Another clue is to look at your footprint as you step out of the shower. If you see most of your foot outlined and you don’t have much arch, then your propensity to over-pronate is greater. If your arch is high, you’re less likely to over-pronate and may even under-pronate.

If you have either of these tendencies, you want to know about it and try to compensate or you can develop foot, knee, hip, or back pain. Or you may acquire an ongoing problem like shin splints or plantar fasciitis. At the same time, pronation is part of your natural gait, so you want to focus on the whole thing, and not just that.

Choosing the correct shoes can help; for example, stiffer shoes are often recommended for over-pronation. If you purchase your shoes from a running store, the sales staff will test you for alignment issues and recommend the right shoes. But if you’re relying on shoes to compensate for gait issues, you’re not really correcting the actual problem. And you’re not going to be wearing your running shoes all the time, but you’re always over-pronating.
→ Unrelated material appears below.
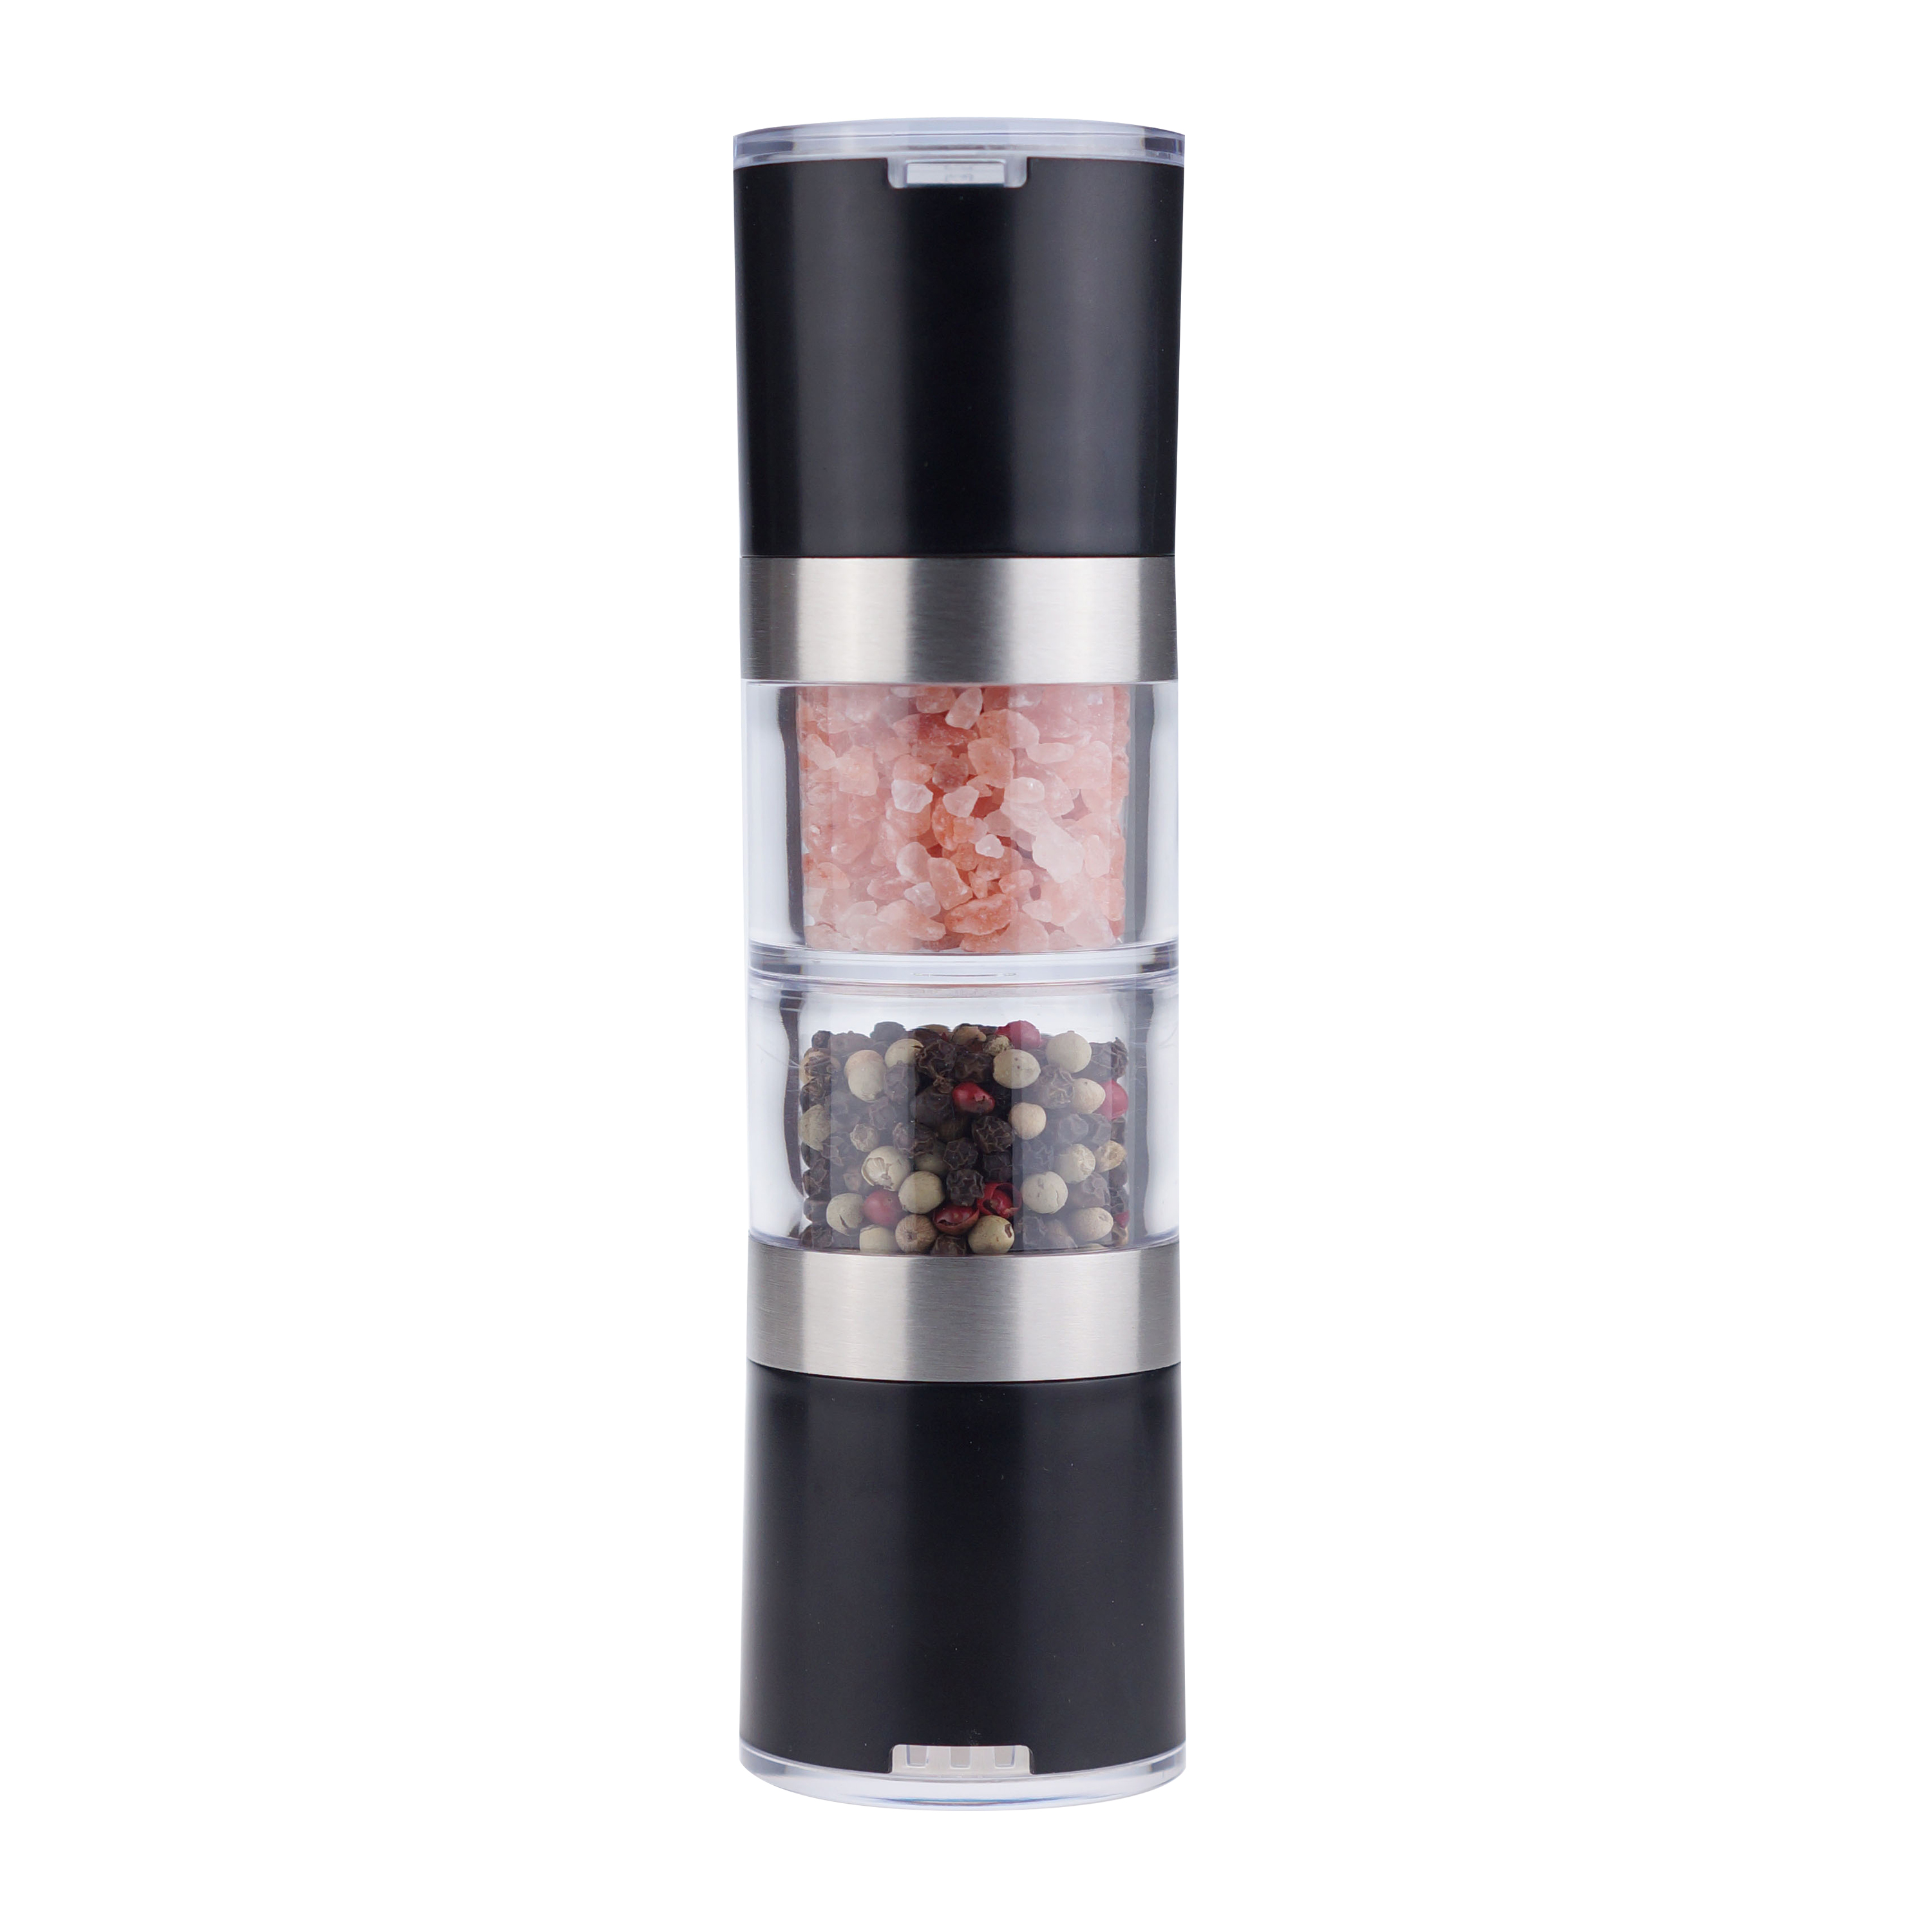 2 in 1 salt and pepper mill

Instead, try this tip – point your toes forward. Look down at regular intervals throughout the day and make sure your legs are aligned straight with your toes pointing directly forward, rather than turned in or out. Do this not just when you’re running, but when walking and standing as well.

Think you’ll have trouble remembering? At least initially, set a timer while you work, walk or run to let you it’s time for the straight-toe check. Eventually it will become a habit.